If you are plating centrally, like with a leafy tall salad, go for minimal landscape garnishing; a few straying micro greens or petals can be pleasant on the plate beyond your salad, or a simple extra swirl of infused oil on the plate.

Artful elements like dots, swirls and swipes create more of a landscape plating. Using the rule of thirds for your plate can help you decide how, when, and where your embellishments belong so your dish doesn’t get away from you.


Garnishes

Microgreens, baby arugula and fresh herbage are a great garnish on most things savory, and even those that are sweet. Mint, basil, fennel fronds, and sweeter herbs like anise and hyssop have a big place in the dessert-garnishing world.

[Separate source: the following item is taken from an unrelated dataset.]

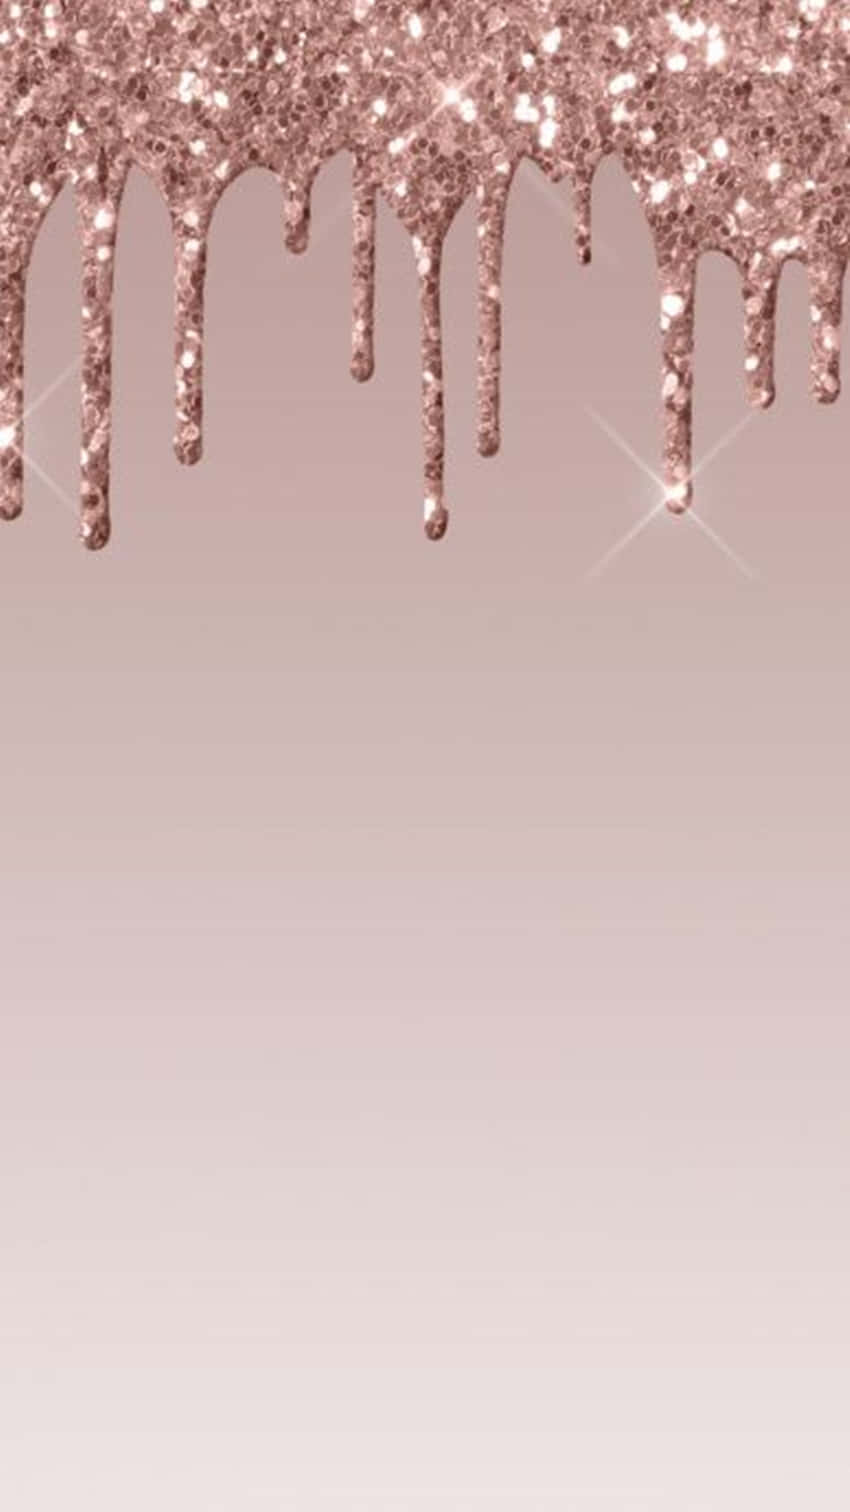 Et lyserødt glitrende baggrund med dryppende glitrende stjerner. Wallpaper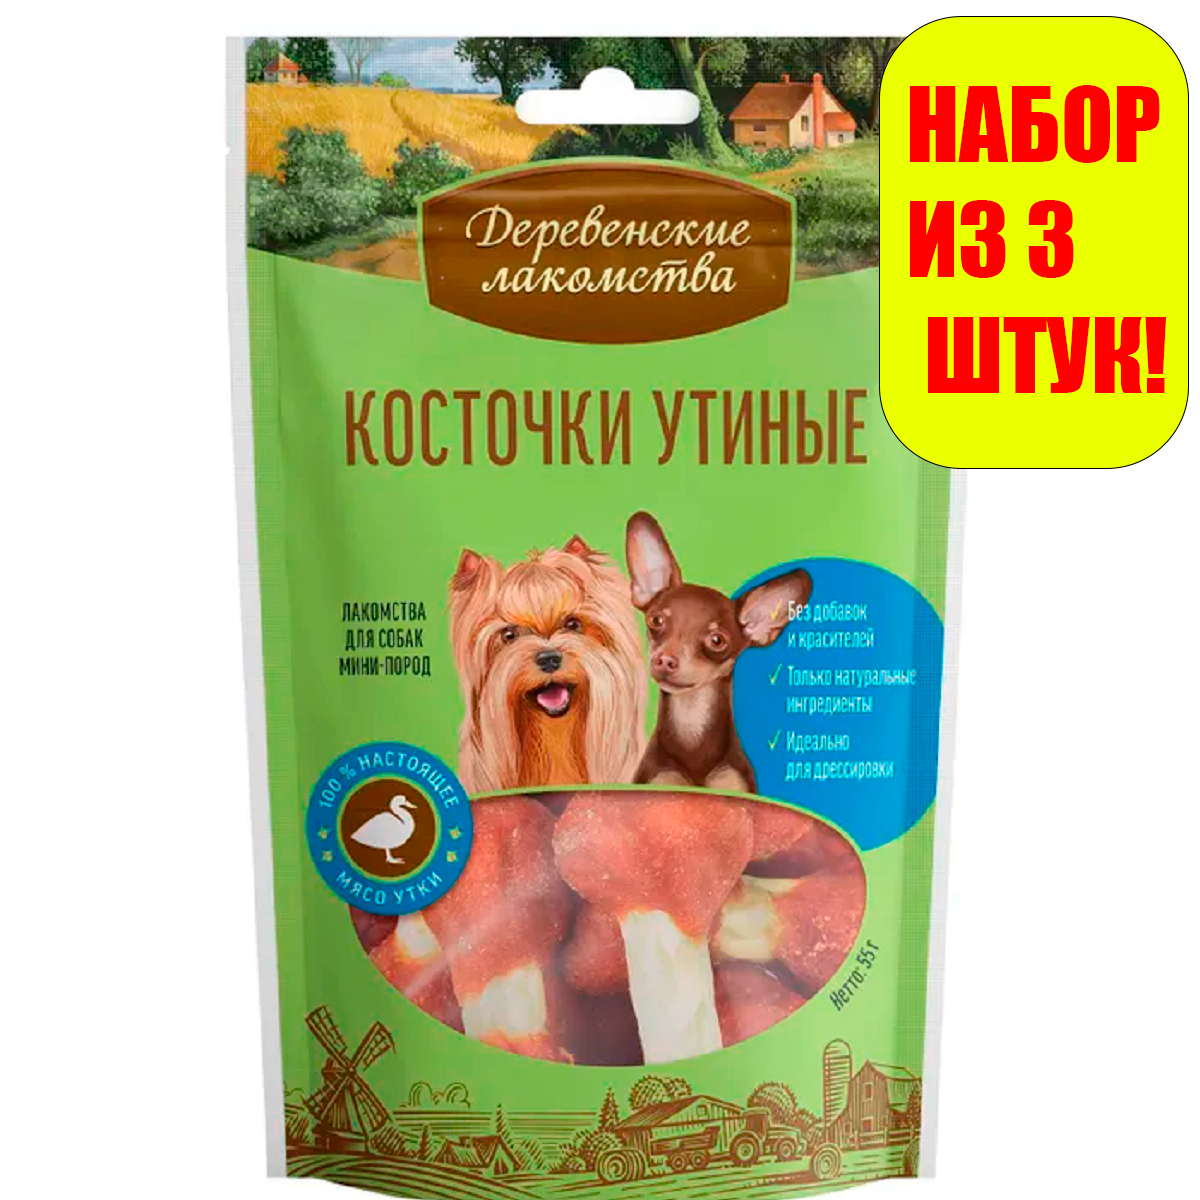 Деревенские лакомства Косточки утиные для собак мини-пород 55г(3 штуки)

Colorful garnishes certainly elevate your dish. Plates with beige and brown foods are drab and muted, but adding pops of bright green herbs, or edible flower petals, are an awesome way to stand out!

On the other hand, don’t be afraid to go monochromatic. Peruvian purple potatoes garnished with micro-greens, purple skinned radish, purple basil, or blue-hued cornflowers can create a stunning effect.


Texture

rsz_11.jpg

Top off your dishes with seeds, nuts, sprouts and palatable hearty spices, powders, herbs, and salts.

My favorites include:

  • Hemp seeds
  • Chia seeds
  • Poppy seeds
  • Sesame seeds
  • Pink peppercorn
  • Aleppo pepper
  • Crushed nuts
  • Dried lavender
  • Dried calendula petals

Getting Creative

Every chef will have their own idea of what looks best, so use these tips as a guideline for the plating possibilities out there. Being creative sometimes means that you need to color outside of the lines, or find your own way and style.

Think about your fresh garnishes that may otherwise be scraps or compost that you naturally discard. These can be reinvented and used as a plating element.

These include:

  • Herb stems, blended into a sauce or infused in an oil or salt
  • Carrot top greens
  • Fruit and vegetable skins (opt for organic)
  • Chips, either fried or dehydrated, made from fruit and veggie scraps

Think outside of the box when preparing your garnishes – perhaps an applied method makes all the difference.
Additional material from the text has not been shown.